Allergic reactions: Beta-blockers, including Vasoten, may increase the sensitivity to allergens and the severity of anaphylactic reactions because the adrenergic counterregulation under beta-blockade may be alleviated. Treatment with adrenaline may not always give the expected therapeutic effect.
General anaesthesia: In patients undergoing general anaesthesia the anaesthetist must be aware of beta-blockade. If it is thought necessary to withdraw Vasoten before surgery, this should be done gradually and completed about 48 hours prior to anaesthesia.
Phaeochromocytoma: In patients with a tumour of the adrenal gland (phaeochromocytoma) Vasoten may only be administered after previous alpha-receptor blockade.
Thyrotoxicosis: Under treatment with Vasoten the symptoms of a thyroid hyperfunction (thyrotoxicosis) may be masked.
Bisoprolol should be used with care in patients with a prolonged PR conduction interval, poor cardiac reserve and peripheral circulatory disease such as Raynaud's phenomena, since aggravation of these disorders may occur. Treatment should not be discontinued abruptly. As with other beta-blockers, gradual dosage reduction over 1-2 weeks is recommended, particularly in patients with ischaemic heart disease. If necessary, replacement therapy should be initiated at the same time to prevent exacerbation of angina pectoris.
In the event of a precipitous drop in pulse rate and/or blood pressure, treatment with Vasoten should be discontinued.
Bisoprolol should be used with caution in patients with metabolic acidosis.
Due to their negative effect on conduction time, beta-blockers should only be given with caution to patients with first degree heart block.
Caution should be exercised when using anaesthetic agents with Vasoten. The anaesthetist should be informed if the patient is taking Vasoten, and anaesthetic agents causing myocardial depression, such as cyclopropane or trichloroethylene, are best avoided. In cases of severe ischaemic heart disease, the risk/benefit of continuing treatment should be carefully evaluated. If withdrawal of Vasoten is desired, this should be completed at least 24 hours prior to anaesthesia. Continuation of beta-blockade reduces the risk of arrhythmias during induction and intubation, but may result in attenuation of reflex tachycardia and increase the risk of hypotension. The patient may be protected against vagal reactions by intravenous administration of atropine.

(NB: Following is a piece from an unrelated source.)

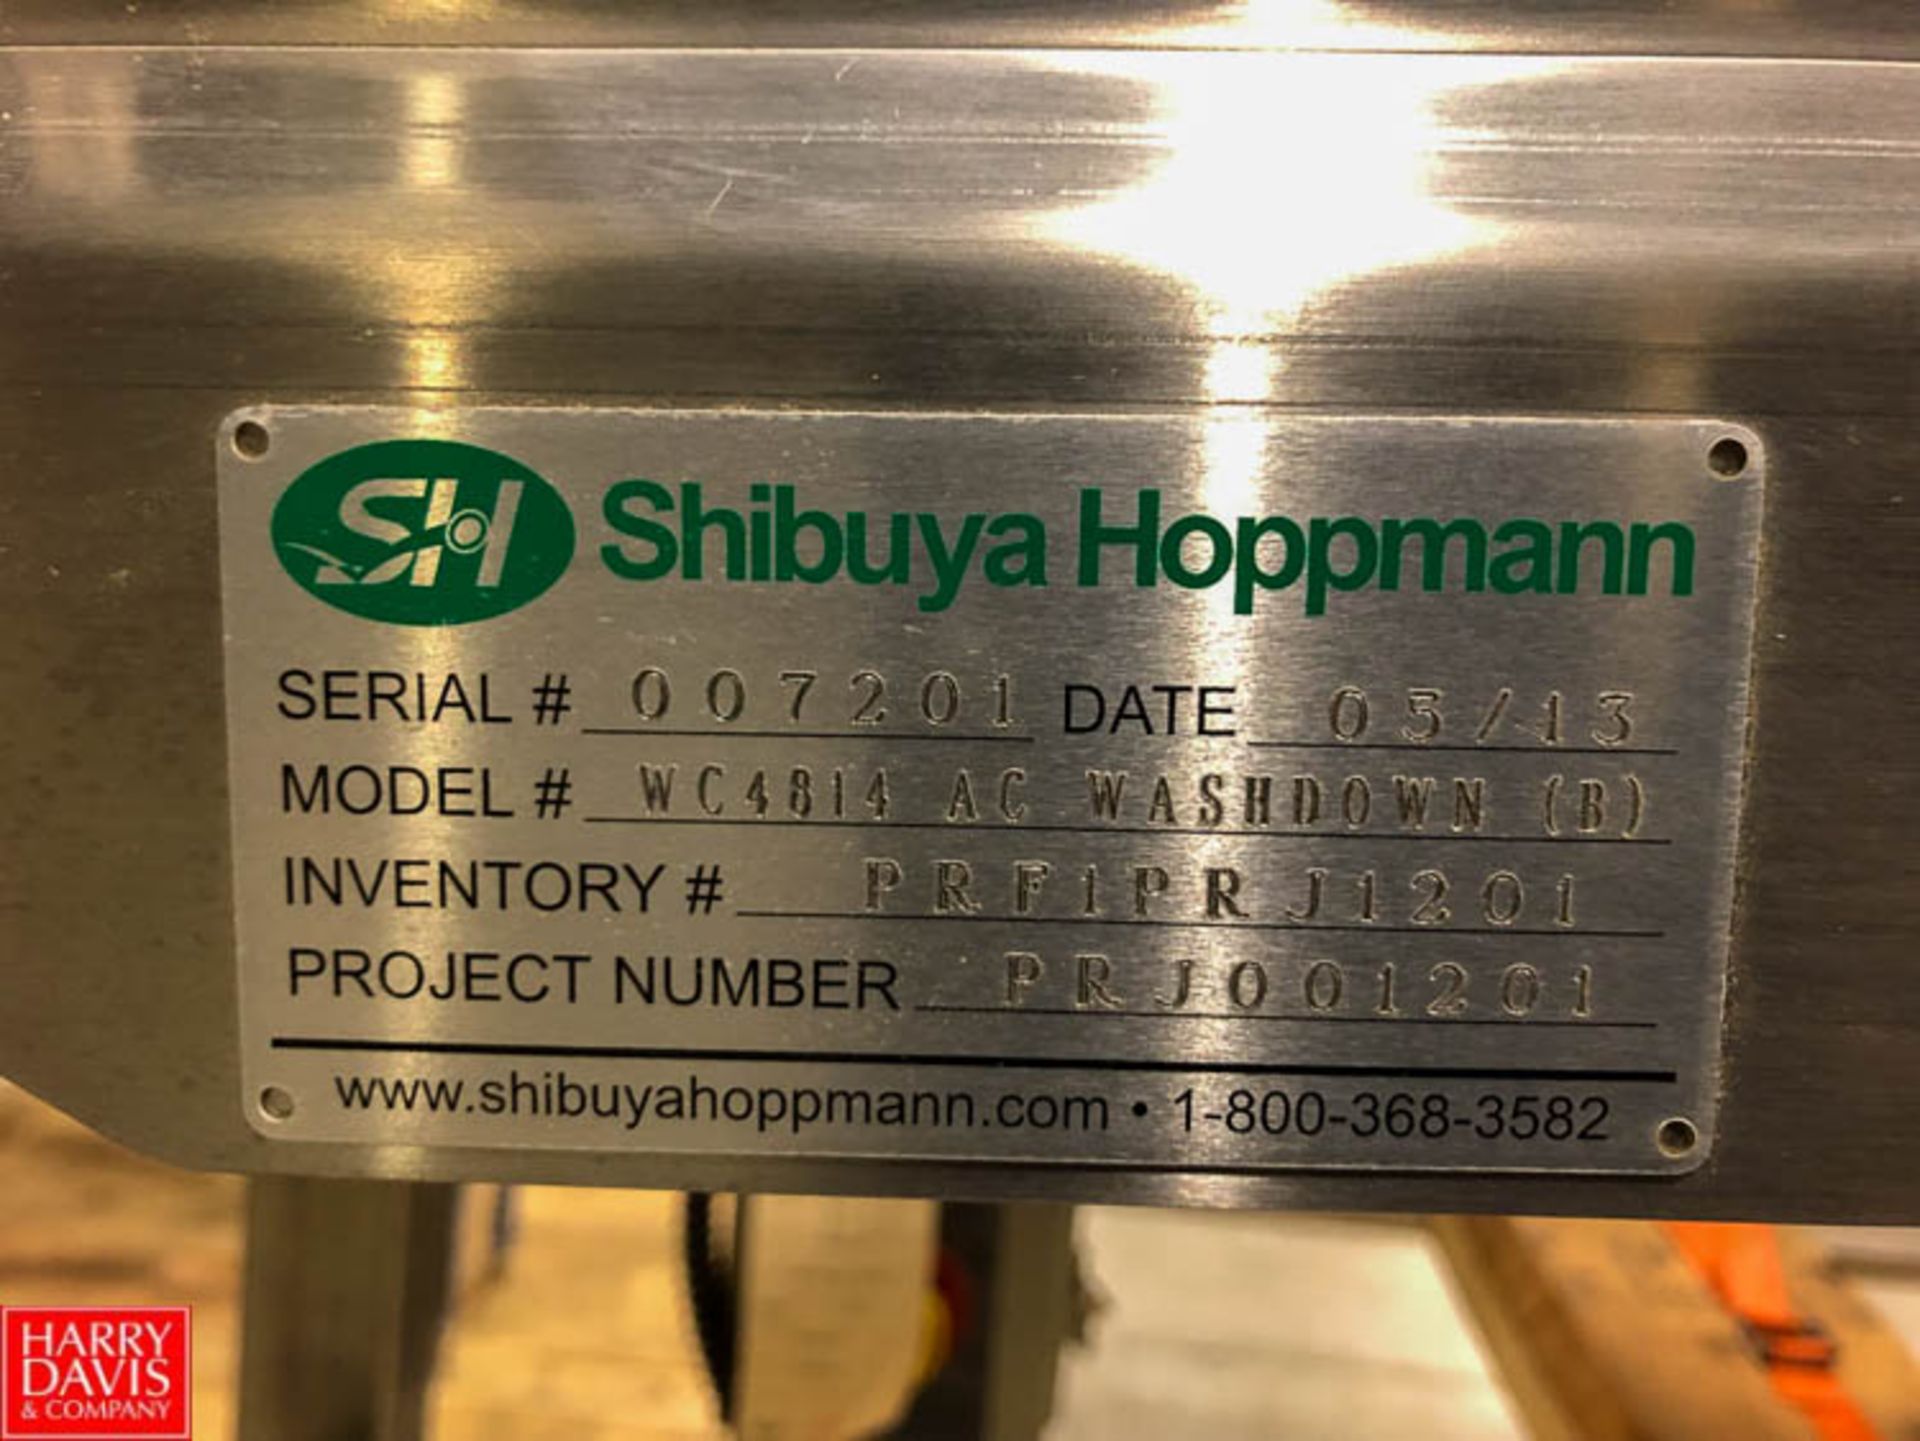 Shibuya Hoppmann Wash Down Conveyor, Model WC4814 AC, S/N 007201 Rigging Fee: $150 - Image 4 of 4

Use In Pregnancy & Lactation
Use in pregnancy and lactation: During pregnancy Vasoten should only recommended following careful assessment of benefit-to-risk ratio by the doctor. In general, beta-blockers reduce placental blood flow and may affect the development of the unborn child. Placental and uterine blood flow as well as the growth of the unborn child must be monitored and, in case of harmful effects on pregnancy or the foetus, alternative therapeutic measures considered.
The newborn infant must be monitored closely after delivery. Symptoms of reduced blood glucose and slowed pulse rate generally may occur within the first 3 days of life.
There are no data on the excretion of bisoprolol in human breast milk or the safety of bisoprolol exposure in infants. Therefore administration of Vasoten is not recommended during breastfeeding.
Side Effects
The following definitions apply to the frequency terminology used hereafter: Very common (≥ 1/10); Common (≥1/100, < 1/10); Uncommon (≥1/1,000, < 1/100); Rare (≥1/10,000, < 1/1,000); Very rare (< 1/10,000).
Cardiac disorders: Very common: bradycardia. Common: worsening of heart failure. Uncommon: AV-conduction disturbances. Very rare: chest pain.
Investigations: Rare: increased triglycerides, increased liver enzymes (ALAT, ASAT).
Nervous system disorders: Common: dizziness, headache.
Eye disorders: Rare: reduced tear flow (to be considered if the patient uses lenses). Very rare: conjunctivitis.
Ear and labyrinth disorders: Rare: hearing impairment.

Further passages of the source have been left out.